Things moved quickly in the next 5 minutes. I pushed several times through a couple of contractions. At one point Dr. Mehta raised her voice telling me I needed to push harder. I thought I was pushing as hard as I could, but I could hear the urgency in her voice. The umbilical chord was wrapped around Jonah's neck, but he wasn't out far enough for them to release it. I pushed with all that I had and they quickly unwrapped the chord.

Jonah didn't cry right away and the doctor called for additional help. Staff quickly responded and within two minutes, Jonah took his first breath and showed off his set of lungs. Later, Dr. Mehta explained that because Jonah had gone through the birth canal so quickly he was stunned. His body wasn't quite sure what to do next and it took a couple of minutes for him to draw breath. In addition Jonah experienced bruising and swelling all over his face from the quick delivery. All in all labor and delivery was about an hour and 15 minutes from the time I was given the patossum to when he arrived at 11:14am.

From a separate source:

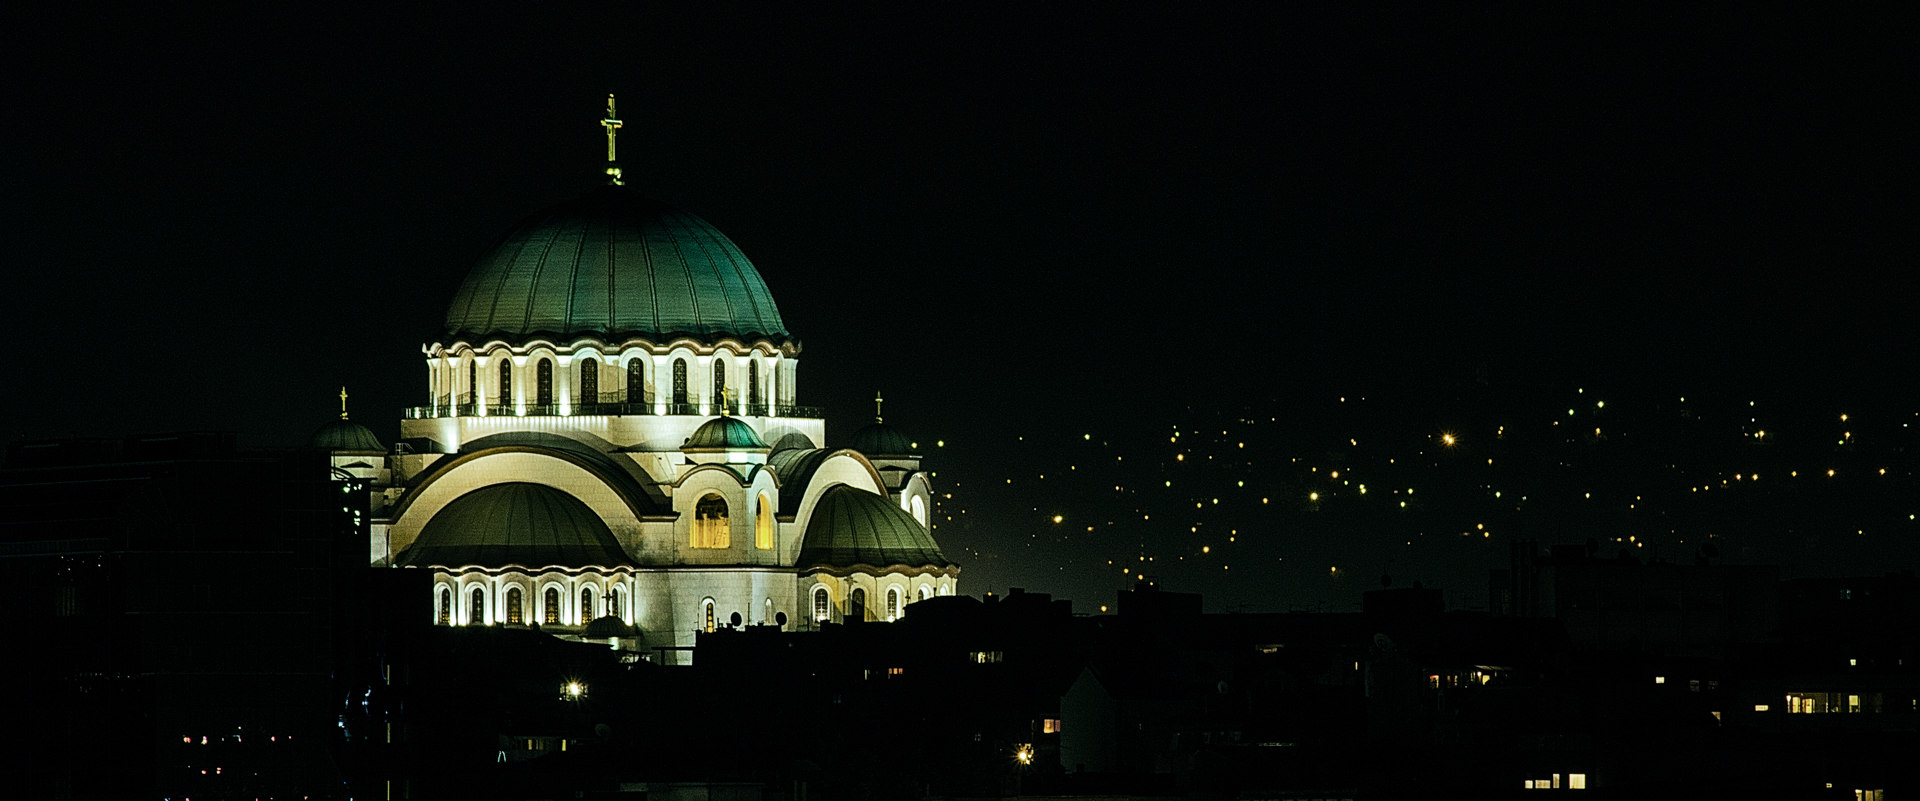 Đền thờ Thánh Sava là một trong những điện thời Chính thống lớn nhất.

Once he was registered as fine and cleaned up a bit, the staff left and we were given some quiet time with Jonah before we were transferred to recovery where I would spend the next two days. The nurses and staff at the hospital were wonderful and very attentive. My doctor was terrific and I felt very at ease with her. I had a great stay at Northern Virginia Hospital and enjoyed staying in a newly renovated facility. I would recommend it to anyone.

I love the time in the hospital when it is just the baby and I with few distractions and time to rest and recover. One of the goals the staff had written down for me was to bond with the baby, which I definately did. All of Wednesday I held Jonah and watched the blizzard from my window. I felt cozy and relaxed in my room, not wanting to be anywhere else and grateful that my family at home still had power and electricity. Herb surprised me in the evening by venturing out in the storm to bring me some delicious Chinese food a friend had made for our family. What a good man he is. We enjoyed some quiet time together watching t.v., talking with our family on the phone and bonding with Jonah.

Before Jonah arrived, I felt anxious about how things would be with four young children at home. Now that he is here, I am no longer anxious and I feel content with how things are. We have been given a tremendous amount of help from our friends and fellow ward members and part of the feelings of contentment stem from how blessed I feel to be the recipient of so much generosity.


In the labor and delivery room about 6:30am



Poor little bruised up face.




The token hospital pose of Herb with each of our newborns.



Dr. Mehta with Jonah. She's a terrific Obgyn.



Thursday morning and already the bruising is much, much better. Jonah is starting to show his true colors.



What a smile! Must mean he's waaay advanced for his age.



The homecoming ensemble provided by some generous friends. Isn't he just adorable?!



It was a happy homecoming as the kids were very excited to meet their new little brother. When I walked in the door, Eden toddled right over to me and threw her arms around me. Melt my heart.

We had some amazing help while I was at the hospital. The kids were well taken care of by several dear friends. The boys were having such fun, they didn't have a chance to miss their mama. It was such a relief to know that all was well at home, that my kids were in good and competent hands and that all was taken care of. We don't have any blood relations in the area, but Herb and I sure felt like family was taking care of us. It was a tremendous blessing.






Each day, Jonah gets more and more handsome. Here he is at five days old.